----- INFORMATION

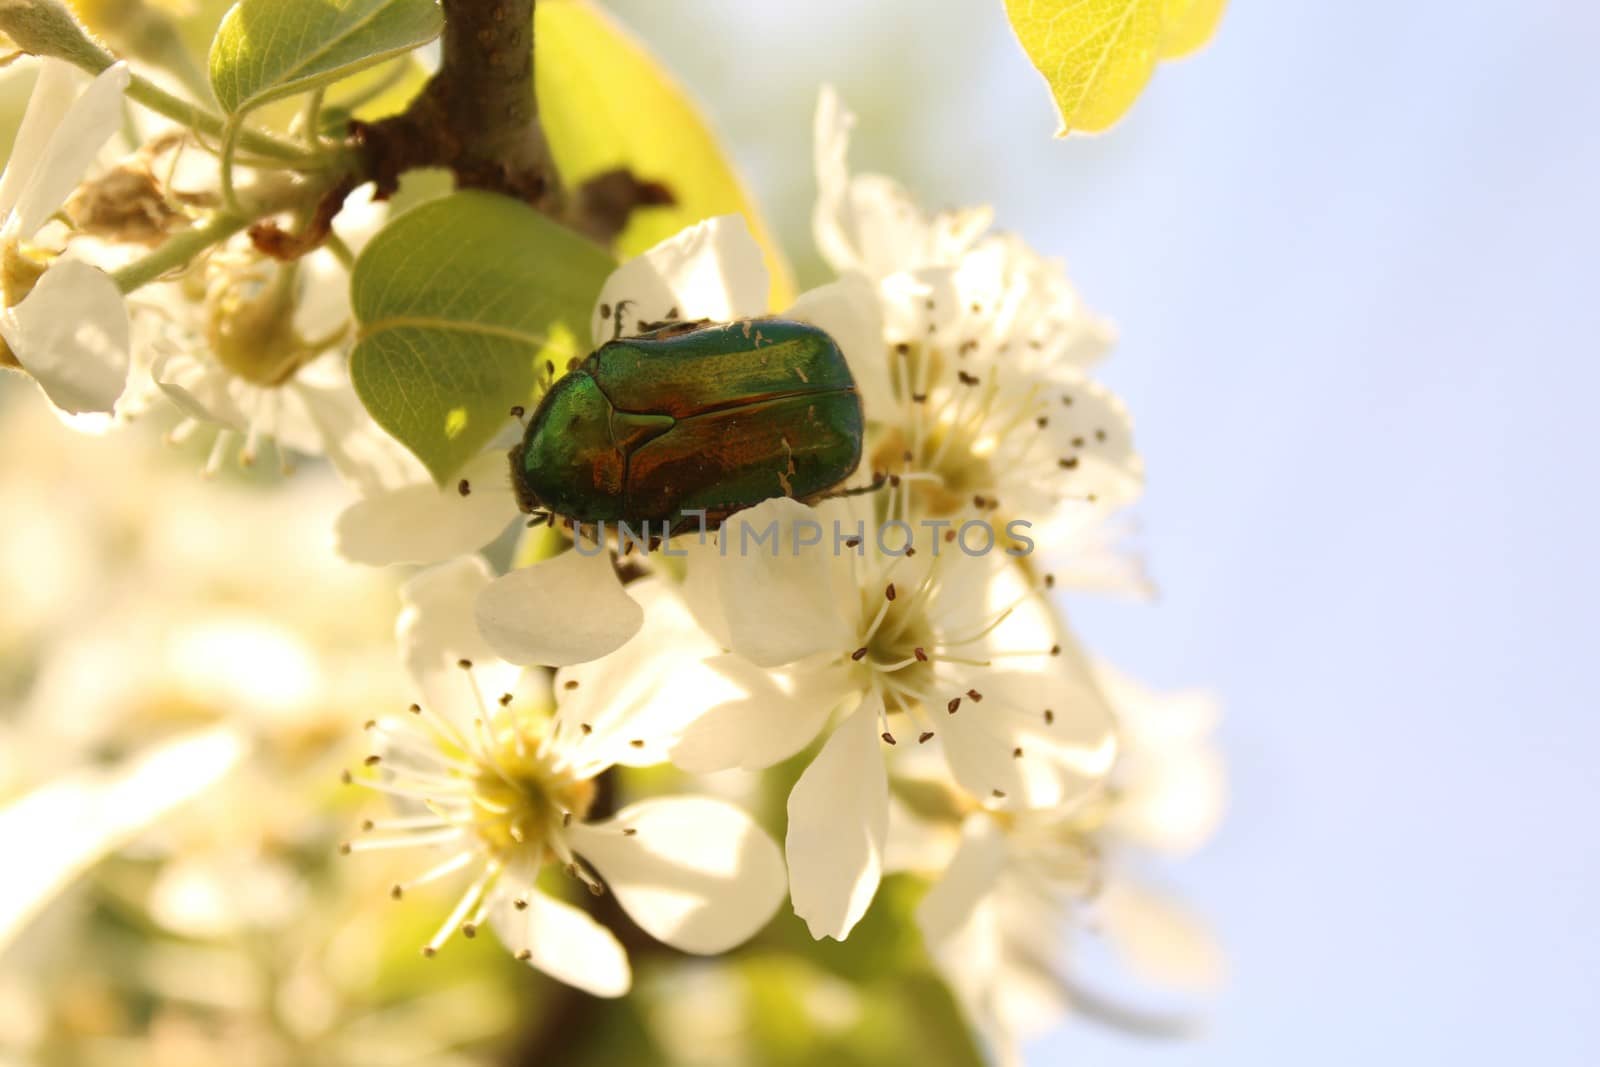 The picture shows a rose chafer in pear blossoms.
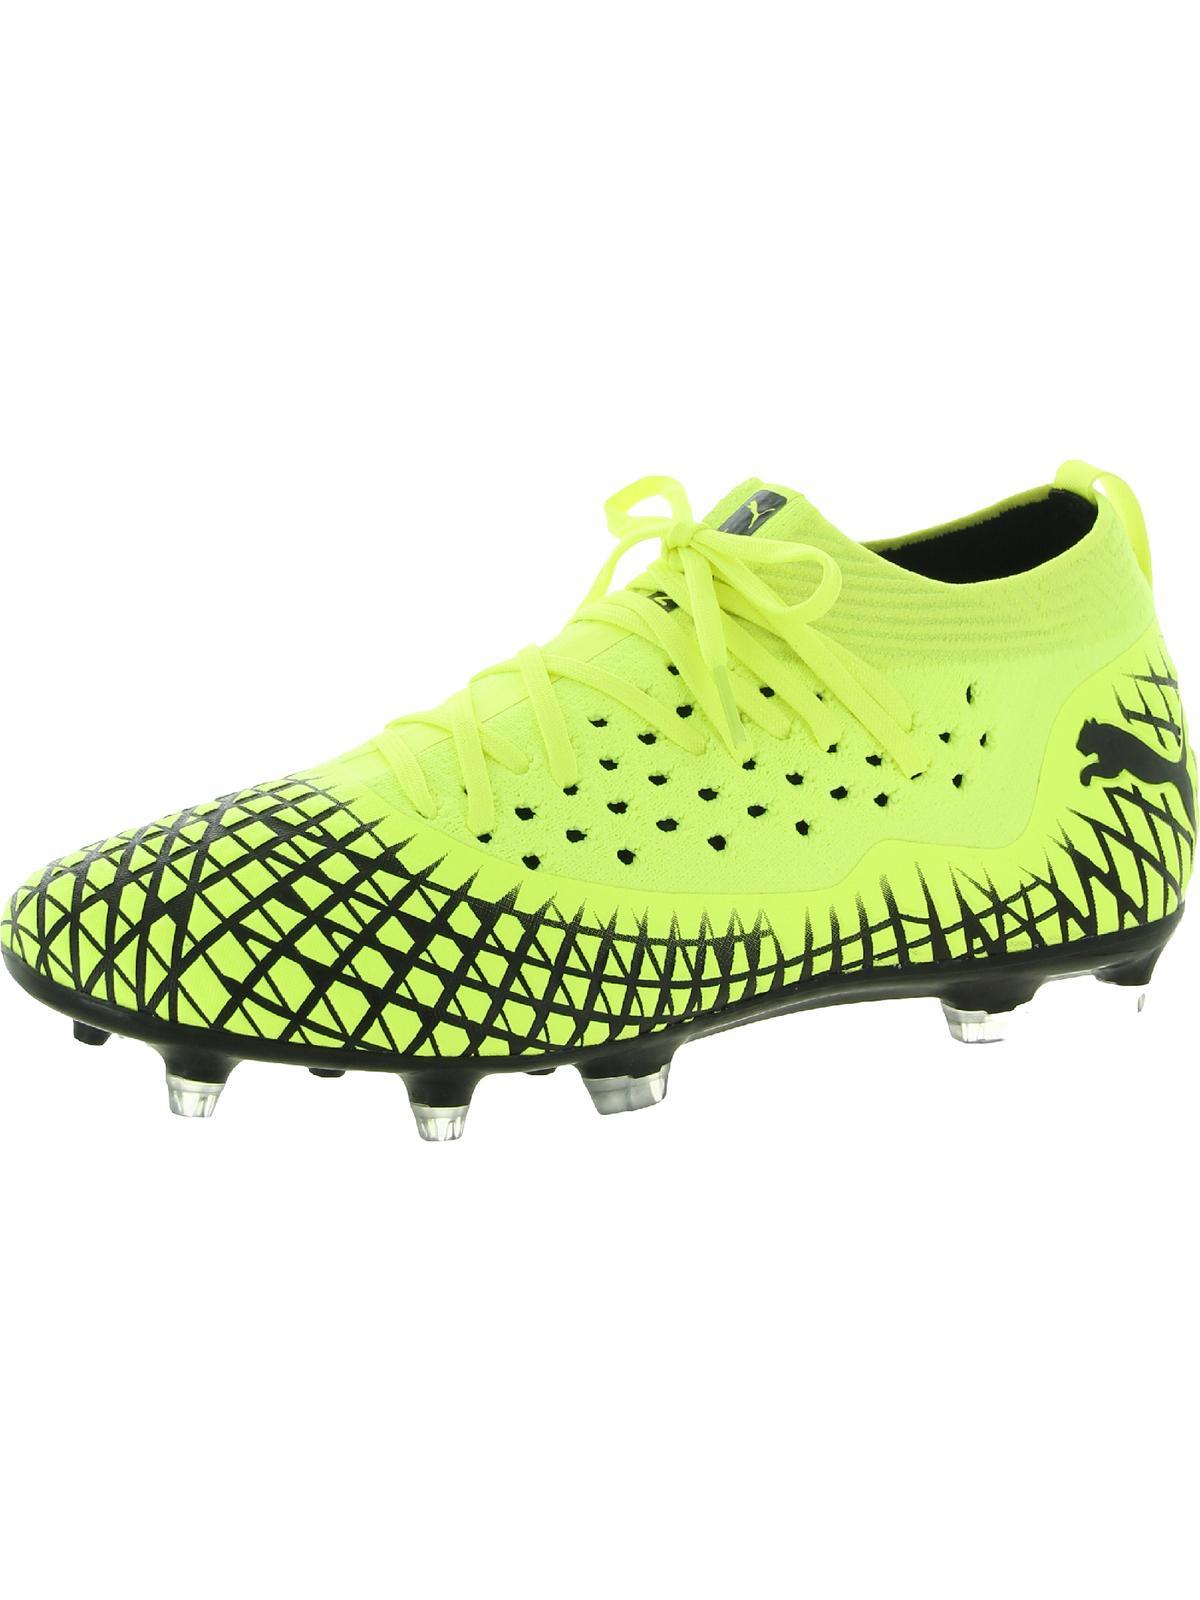 PUMA Future 4.2 Netfit Fg/ag Football Boots Lace Ankle Boots in Green | Lyst
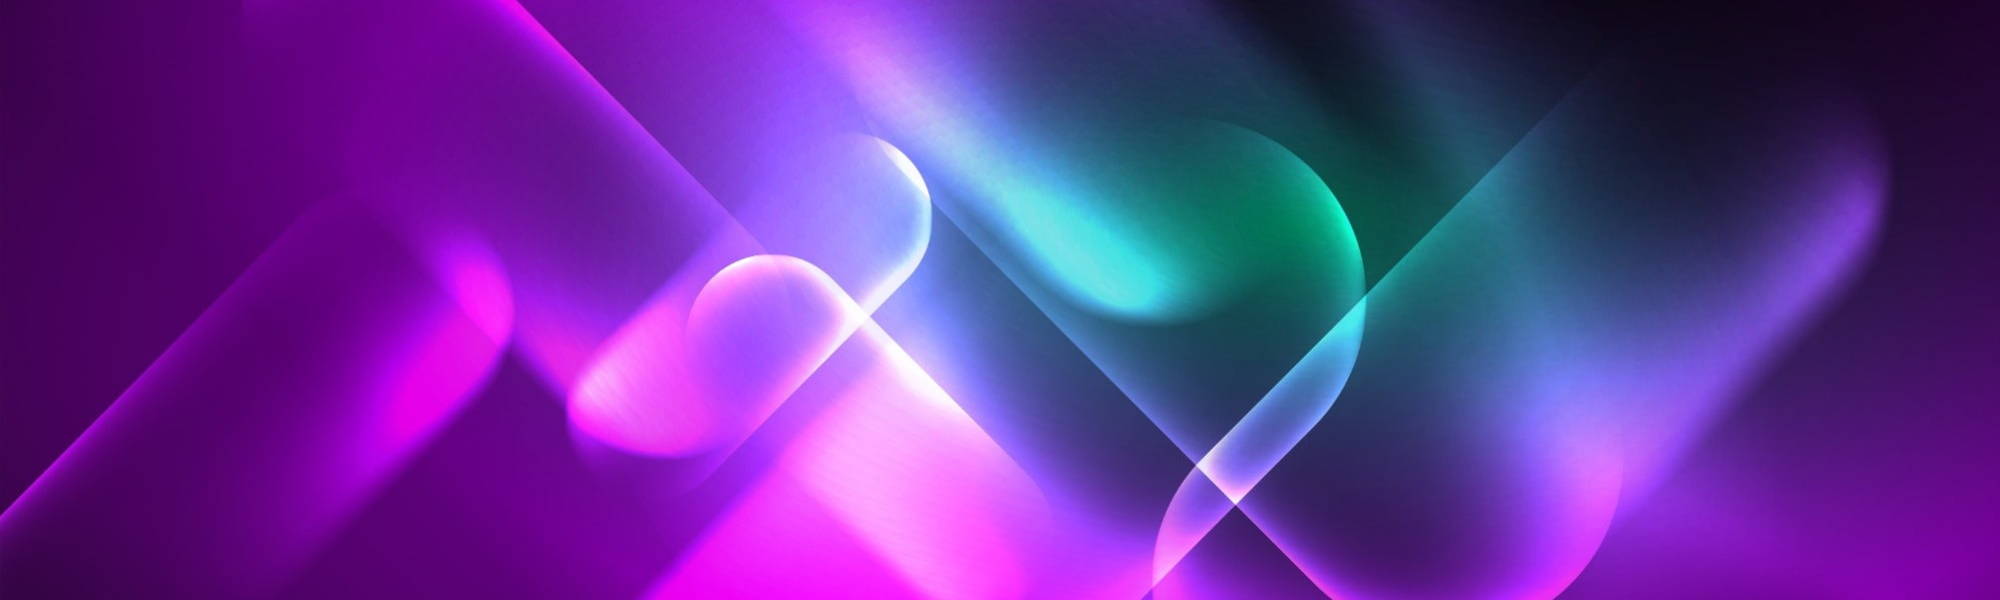 Blue and purple image
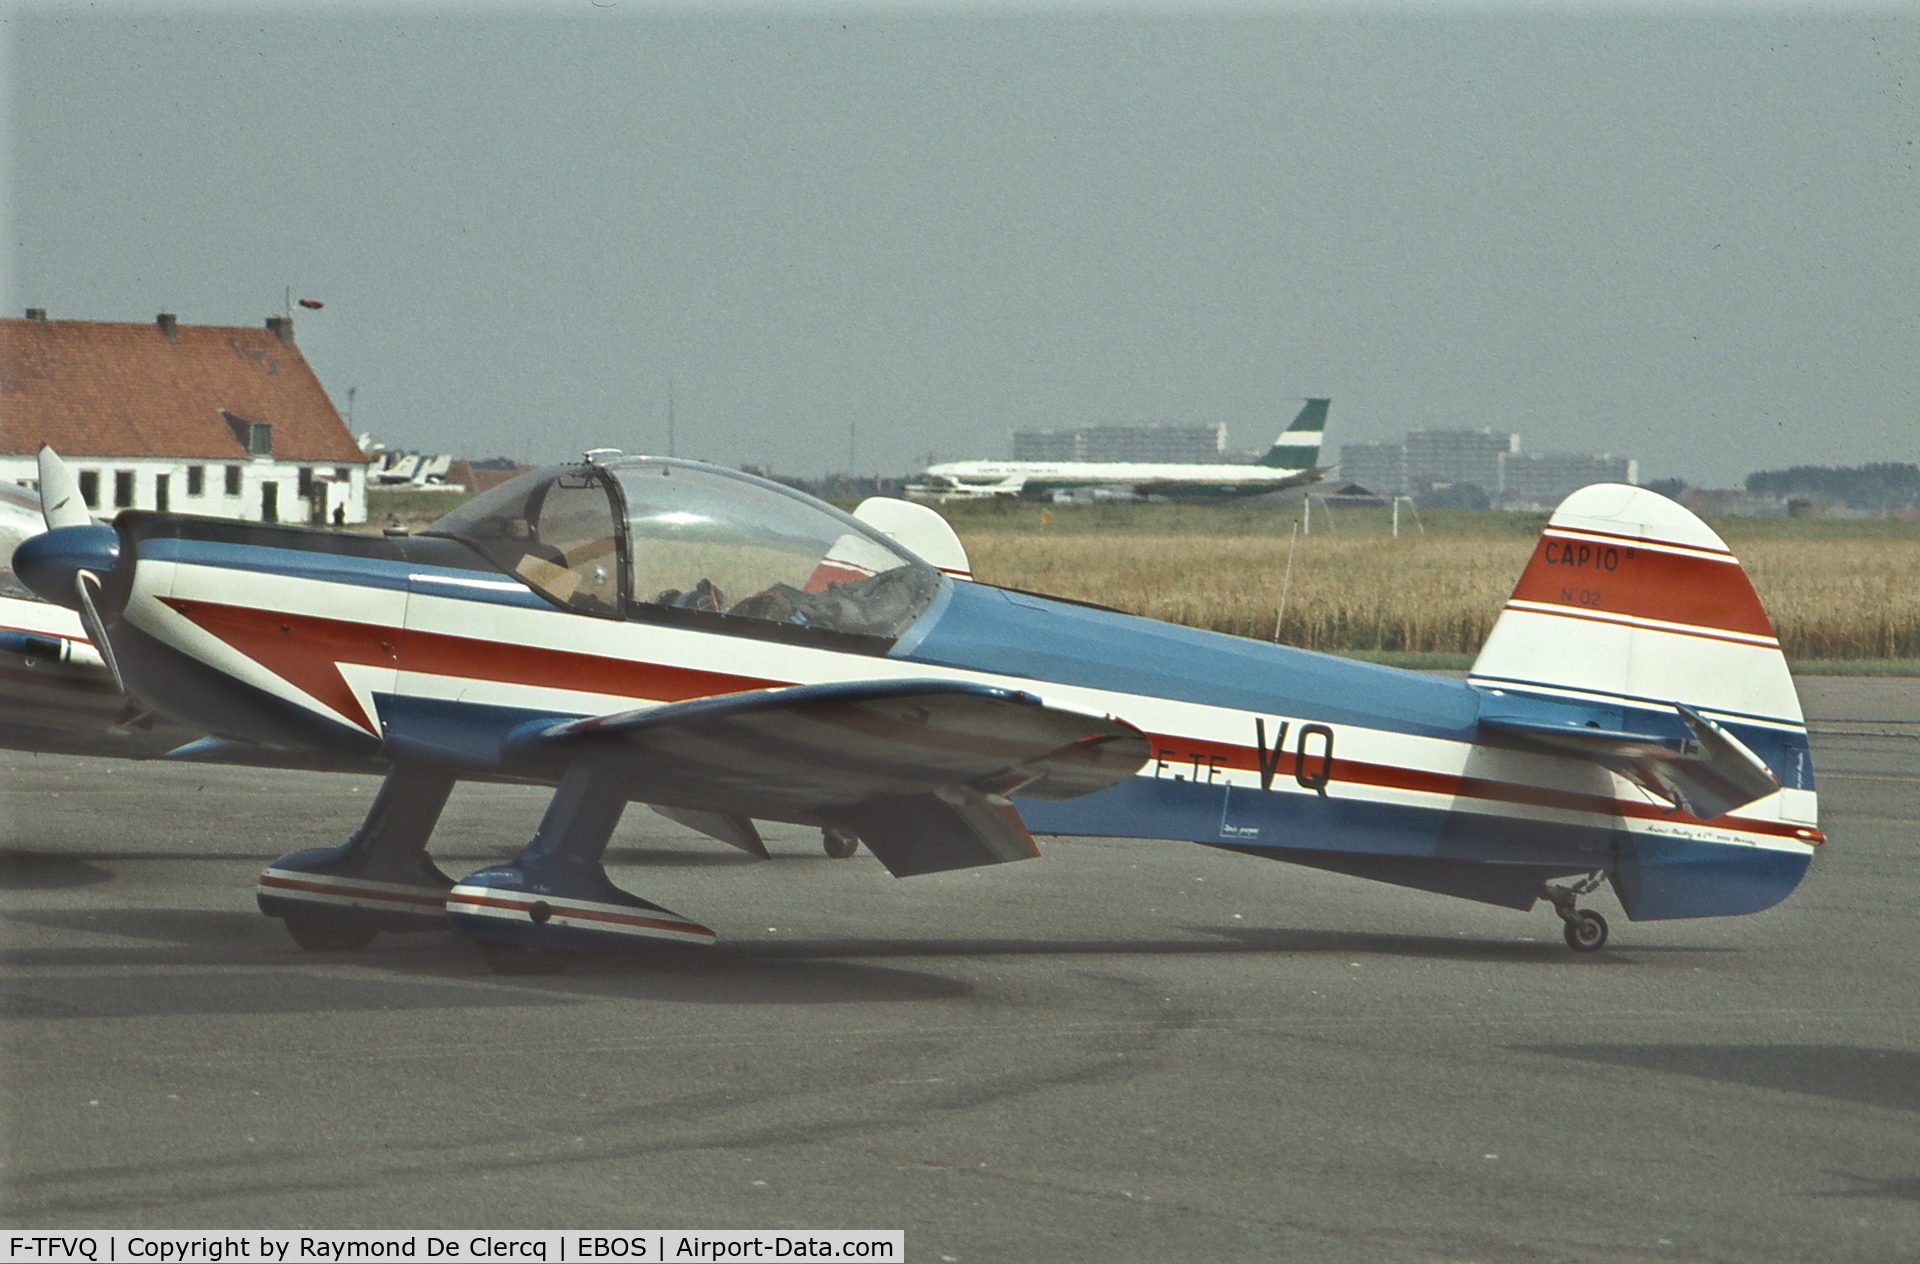 F-TFVQ, 1969 Mudry CAP-10B C/N 02, Ostend airport in mid-seventies.
Later became F-GNVA and PH-RIC.

----------

EXERCISE:
Return the full listing exactly as written, without any of its images.

WRITTEN SOLUTION:
 The picture shows a rose chafer in pear blossoms.
 PUMA Future 4.2 Netfit Fg/ag Football Boots Lace Ankle Boots in Green | Lyst
 Blue and purple image
 F-TFVQ, 1969 Mudry CAP-10B C/N 02, Ostend airport in mid-seventies.
Later became F-GNVA and PH-RIC.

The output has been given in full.